Research can yield a lot of information and interesting ideas. You may find that you have so many ideas from your research, it’s hard to start writing a draft. If you did an Idea Matrix to synthesize notes from many sources, then you have a good start at synthesizing ideas for an essay draft. Since an idea matrix focuses on organizing related ideas from a variety of sources, you now need to focus more on your own ideas in order to start a draft. In other words, you need to converse with your sources to achieve the kind of synthesis expected in a college research essay, which is intended to support and showcase your own ideas about an issue. In most college research essay assignments, your research should be used to support and supply evidence for your personal thoughts.
Here’s one way to proceed:
- First of all, if you have been working with a research question, now’s the time to answer that research question and create a working thesis, with a topic and an angle in which you make an assertion about your topic/issue.
- Then, review the supporting idea column of your idea matrix. Each idea listed offers in brief an idea group that can answer your research question and support your working thesis. Draft topic sentences, each with its own topic and angle, based on each supporting idea in your matrix.
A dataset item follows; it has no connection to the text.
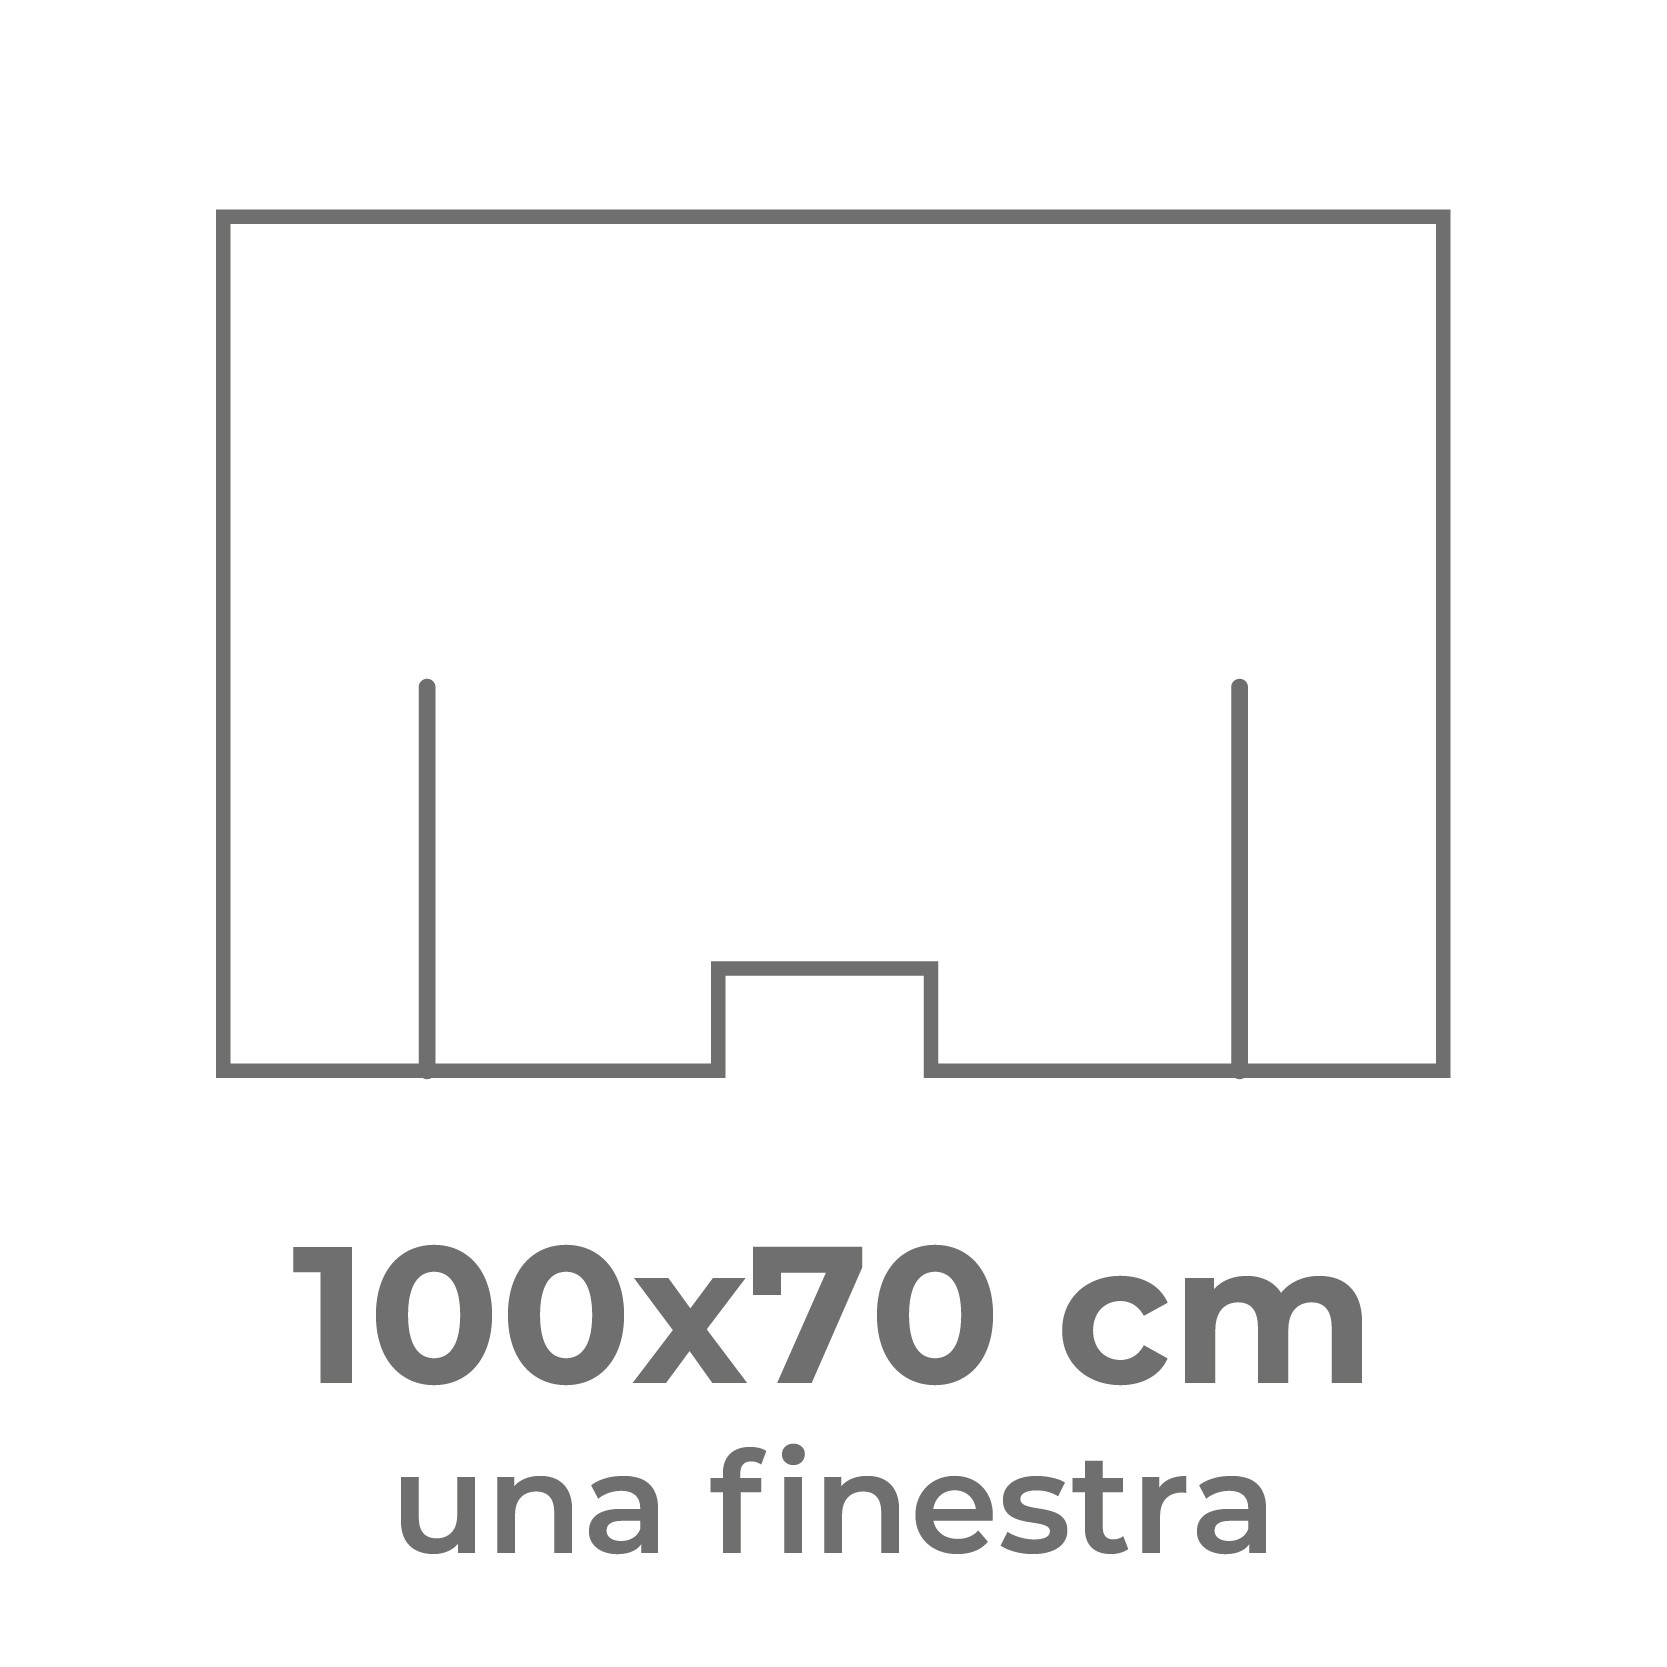 100x70 cm (una finestra)

- Finally and most importantly, add your own ideas to your idea matrix in a new column or by writing notes. What do you, yourself, think about these ideas? Do you agree or disagree with certain supporting information and why? Add samples from your own experience and additional thoughts to exemplify each supporting idea group in general, and each quotation, paraphrase, or summary in particular.
A good way to begin synthesizing your own with your sources’ ideas for an essay draft is to consider how you integrate ideas into a conversation. When you’re discussing a topic with a few friends, you might refer to others’ ideas with phrases such as these: “When I was watching the news, I heard them say that . . . ,” “I read in The Atlantic online that. . .,” “Jamal told me that . . . .” It’s quite standard to use sentences such as these to refer to others’ ideas within the flow of conversation. It’s the same in drafting an essay. Ask yourself if you were speaking this aloud in conversation, how would you introduce others’ ideas to your listeners? What information would you give them to help them understand who the author was and why the views presented are worth referencing? After giving this information, how would you then link it back to the point you were trying to make? Just as you do this in a conversation when you refer to another’s ideas, you also need to do this in your writing.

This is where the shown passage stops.